Да, у меня чувство осталось, хотя надежды все меньше и меньше. Я мечтал о монастыре, ещё, когда был юношей. Помню, когда я только-только поступил на медицинский факультет, отец мне говорил: “Как замечательно быть христианским врачом!” — и я с болью ему ответил: “Это, может быть, замечательно, но я предпочел бы быть последним послушником в самом захудалом монастыре”. Я не могу сказать, что я это выполнил. С тех пор прошло столько лет, 60 с небольшим лет, но чувство осталось, что очень хотелось бы кончить жизнь одиноко в монастыре; не столько ради того, чтобы участвовать в больших и длительных богослужениях, а для того чтобы иметь келью и иметь долгие периоды молчания и одиночества.
Но ты говоришь, что теперь все меньше и меньше это становится возможностью. Что это значит?
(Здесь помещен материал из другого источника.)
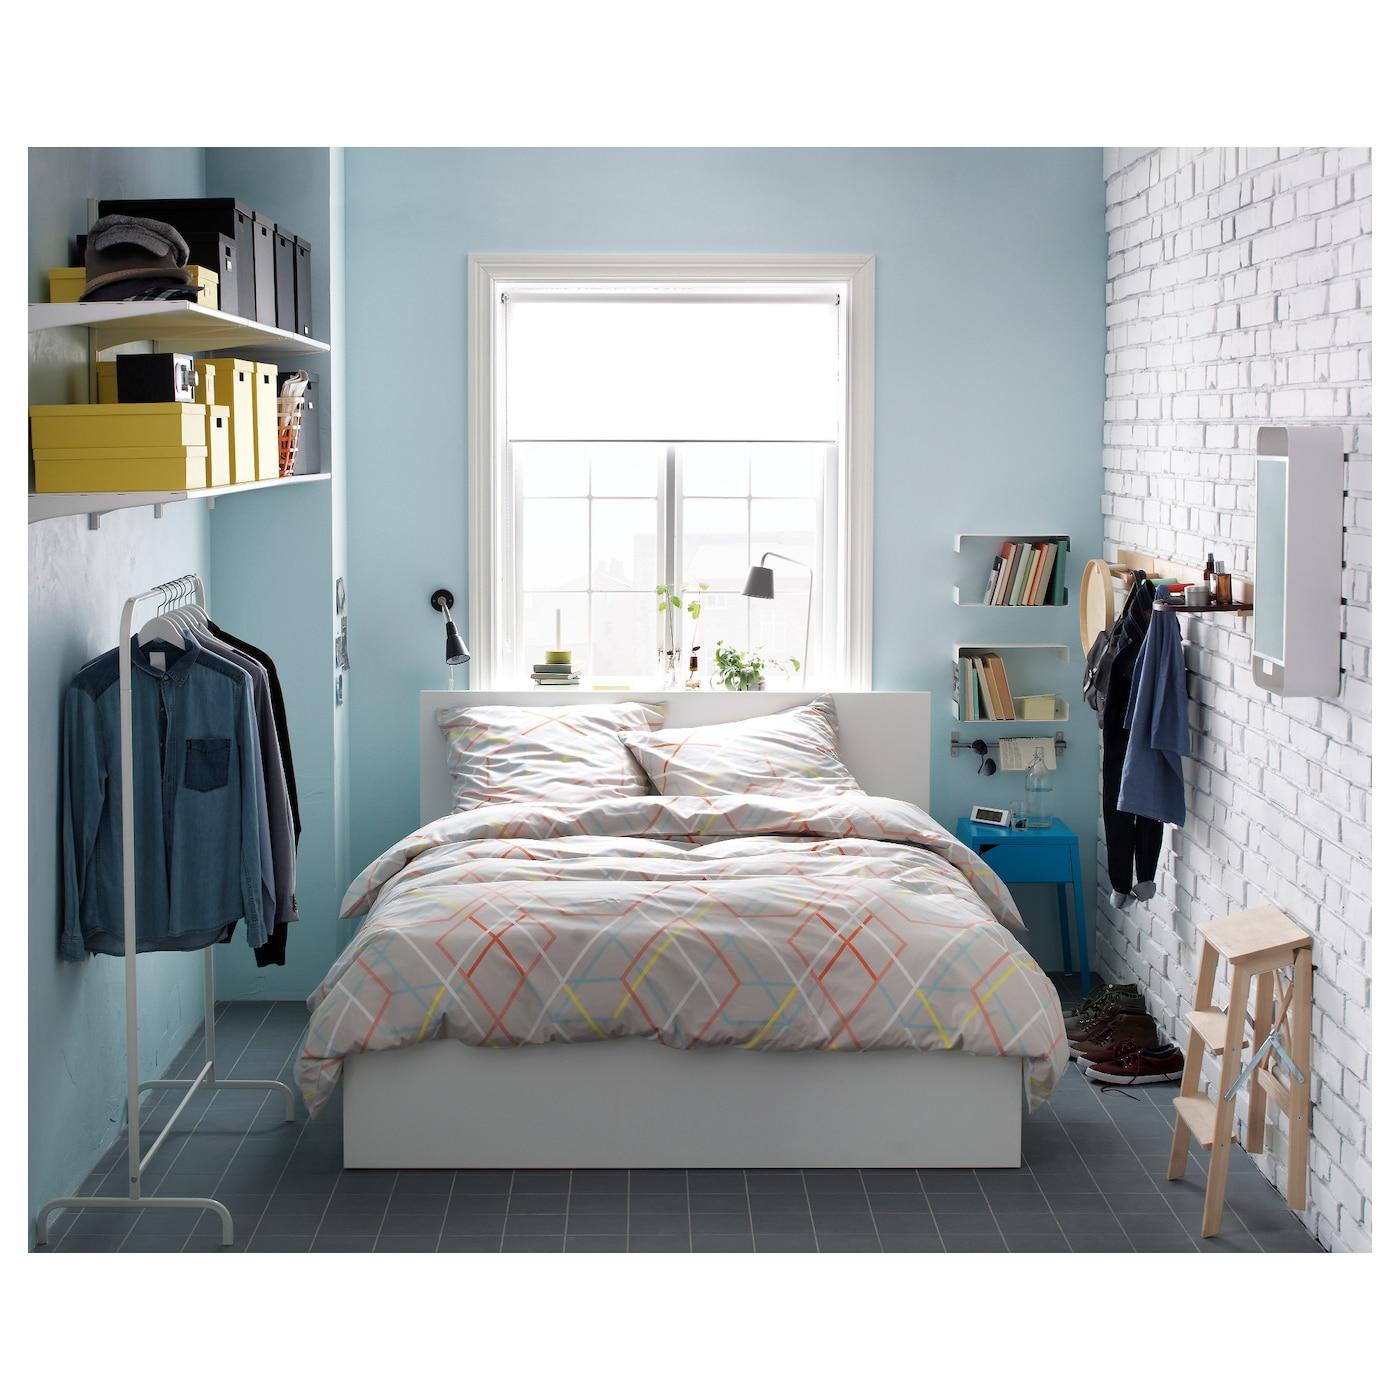 Malm ottoman bed white standard double ikea - Letti ragazzi ikea ...

Это значит, что, вероятнее всего, я останусь здесь, пока только есть силы участвовать в жизни епархии. А потом обременять монастырь человеком, который уже настолько дряхлый и ни на что не годный, в общем, совестно. Когда действительно я не смогу творчески работать и вести епархию, я попрошусь на покой; и если мне разрешат уйти на покой, я попрошу разрешения остаться в епархии и помогать тому из моих теперешних викариев, который займет мое место. Потому что за 45 лет жизни на этом приходе и в этой епархии, которая рождалась при мне — не моими трудами, но при мне — я, конечно, знаю ее в такой мере, в какой другие ее, может быть, и не знают.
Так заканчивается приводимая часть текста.